Lufthansa streicht am Mittwoch fast alle deutschen Flüge

Lufthansa streicht am Mittwoch fast alle deutschen Flüge

Lufthansa, Deutschlands nationale Fluggesellschaft, gab am Mittwoch bekannt, dass sie wegen eines geplanten Streiks des Bodenpersonals alle Inlandsflüge in Frankfurt und München streichen müsse. Dies trägt zum sommerlichen Reisechaos in ganz Europa bei.

Die Lufthansa behauptete am Dienstag, die mächtige Gewerkschaft Verdi in Deutschland werde zu einem eintägigen Protest aufrufen.

Mehr als 1000 Flüge werden gestrichen, darunter auch die am Dienstag. Davon sind rund 134.000 Passagiere betroffen.

„Lufthansa muss am Mittwoch fast alle Flüge an ihren Drehkreuzen Frankfurt oder München streichen“, teilte der Konzern mit und fügte hinzu, dass er eine Folgewirkung für einige Donnerstag- und Freitagflüge nicht ausschließen könne.

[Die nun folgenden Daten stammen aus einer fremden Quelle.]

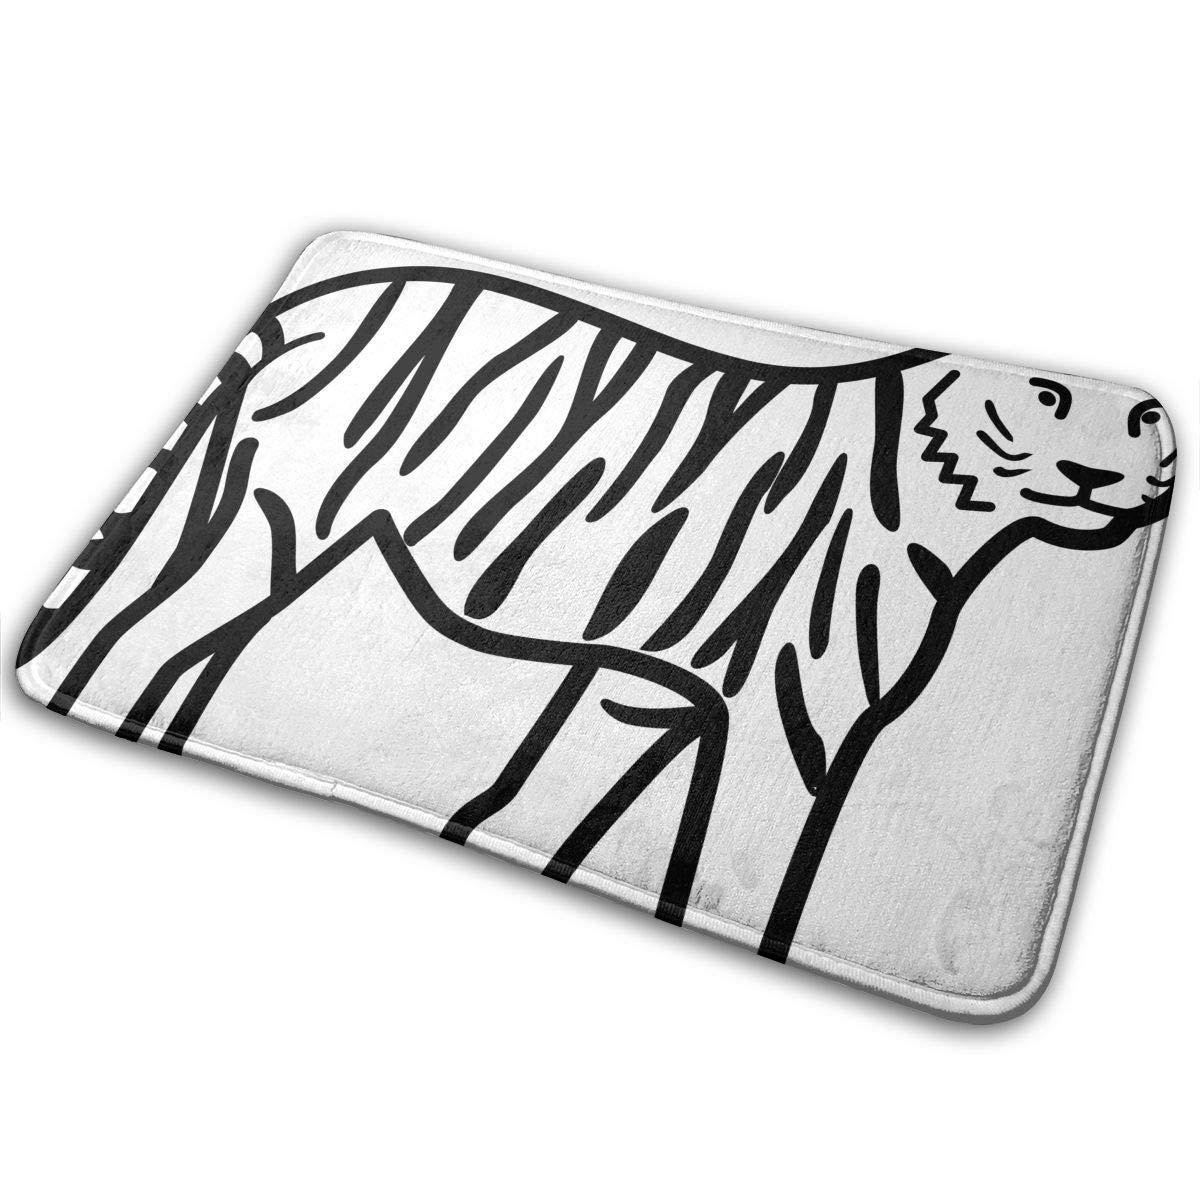 White tiger sketches home door mat super absorbent slide proof front floor matsoft coral memory foam carpet bathroom rubber entrance rugs for indoor

Bodenarbeiter haben für einen höheren Lohn agitiert, als er von Lufthansa angeboten wurde.

Nach Angaben der Fluggesellschaft wurden 45 Langstreckenflüge, die am Dienstag abfliegen und am Mittwoch in Deutschland landen sollten, gestrichen. Damit bleiben fast 7.500 Passagiere in Asien, Südamerika oder den USA ohne Flug.

Die Unterbrechung verspricht, einem ansonsten turbulenten Sommer für Flugreisen in ganz Europa mehr Turbulenzen hinzuzufügen.

Die Lockerung der Corona-Regeln trägt jedoch dazu bei, die Nachfrage anzukurbeln. Chronischer Personalmangel hat jedoch zu Flugunterbrechungen, langen Warteschlangen für Passagiere und sogar zu verlorenem Gepäck geführt.

Die Gewerkschaft Verdi, die rund 20.000 Lufthansa-Beschäftigte vertritt, strebt eine Gehaltserhöhung von 9,5 Prozent oder höchstens 350 Euro pro Monat an. Außerdem strebt sie einen Mindeststundenlohn von 13 Euro an.

Die Gewerkschaft behauptete, dass das bisherige Angebot des Managements „nicht einmal annähernd“ an einen Ausgleich der Inflation heranreicht, die im vergangenen Monat in Deutschland 7,6 Prozent erreichte.

Lufthansa antwortete, dass sie „sehr erhebliche Gehaltserhöhungen“ angeboten habe, darunter mehr als 10 Prozent für Arbeiter in der niedrigsten Lohnkategorie und sechs Prozent für höher bezahlte Angestellte.

Michael Niggemann vom Lufthansa-Arbeitsdirektor sagte, die frühe Eskalation und Zerstörung einer zuvor fruchtbaren Tarifrunde richte großen Schaden an.

Das Wirtschaftsinstitut IW in Deutschland hat kürzlich festgestellt, dass die deutsche Luftfahrtbranche mit mehr als 7.000 Mitarbeitern einen Mangel hat.

Viele Flughafenmitarbeiter nahmen Jobs in anderen Bereichen an, als die Nachfrage nach Reisen während der Pandemie einbrach. Aus diesem Grund sind sie nicht in den Sektor zurückgekehrt, nachdem sich der Tourismus erholt hat, enthüllten Ökonomen.